Having worked in insurance, that's not what the companies usually do. Denying explicitly for clear but legally hard to defend reasons, especially those which a jury would likely rule against, isn't a good way to reduce costs and losses. (They usually will just say no and wait to see if you bother following up. Anyone determined enough to push to get a reasonable claim is gonna be cheaper to pay out for than to fight.)
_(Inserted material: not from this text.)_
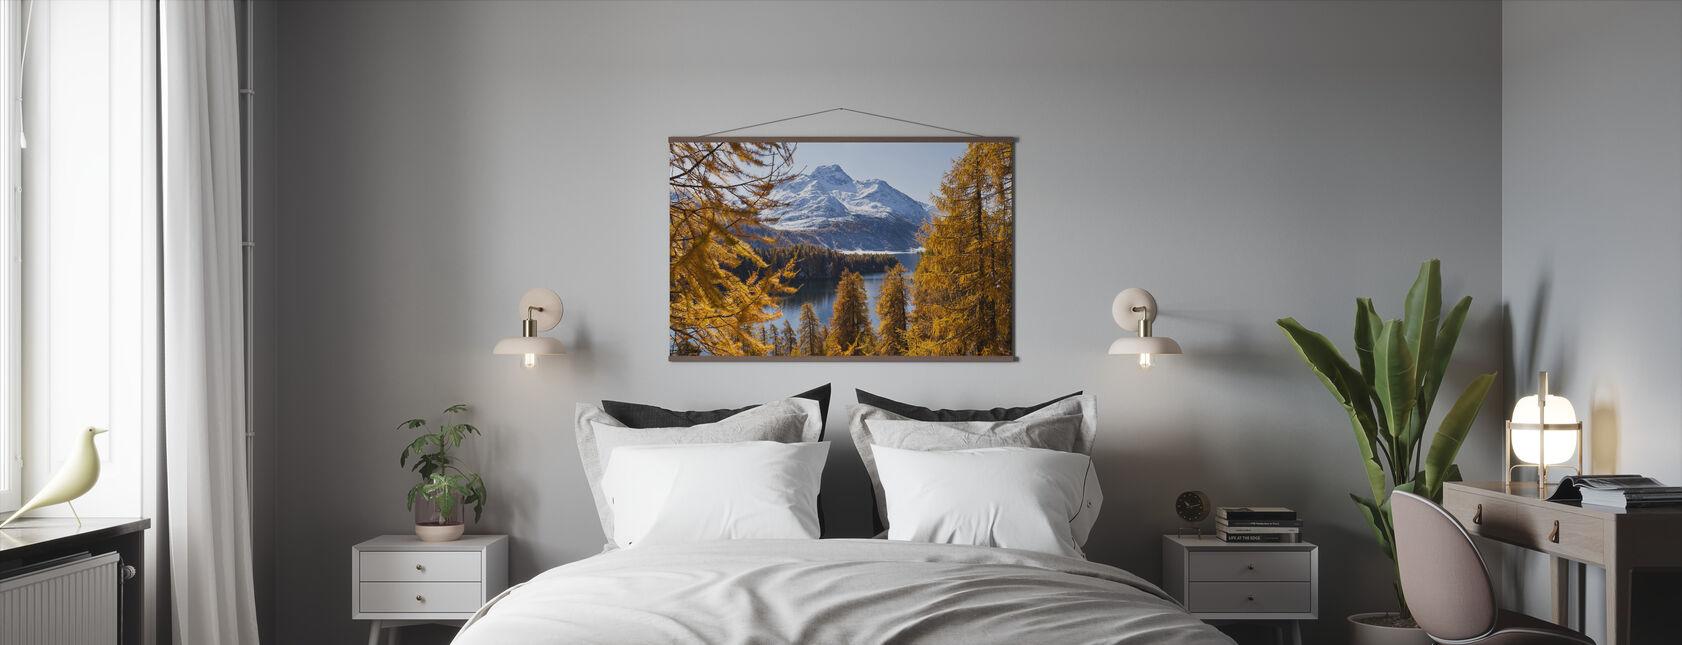 Zwitserse Lariks Bomen - Poster - Slaapkamer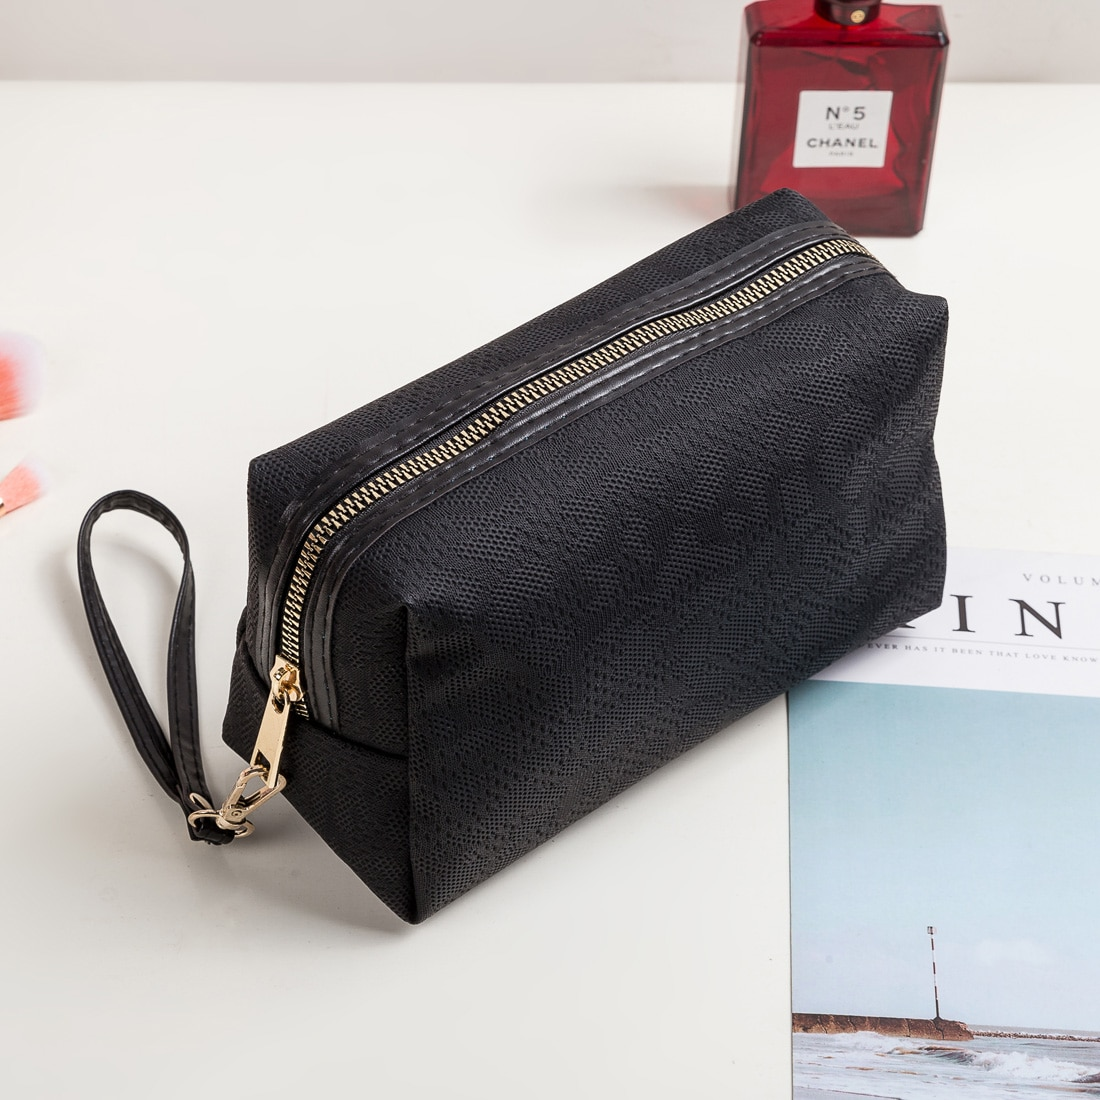 Beauty gran oferta bolso de maquillaje para mujer, bolsa de cosméticos para mujer, bolsa de brochas de maquillaje, gran capacidad, bolsa bonita barata, cosméticos, triangulación de envíos

Yes - the word 'global' is a minimum necessary qualification for referring to catastrophes of the type we plausibly care about - and even then, it is not always clear that something like COVID-19 was too small an event to qualify.
I definitely appreciate that confusion. I think it's a good reason to read the sequence and think through the questions clearly; https://www.lesswrong.com/s/p3TndjYbdYaiWwm9x - I think this resolves the vast majority of the confusion people have, even if it doesn't "answer" the questions.
The math is good, the point is useful, the explanations are fine, but the embracing straw vulcan version of rationality and dismissing any notion of people legitimately wanting things other than money seems really quite bad, which leaves me wishing this wasn't being highlighted for visitors to the site.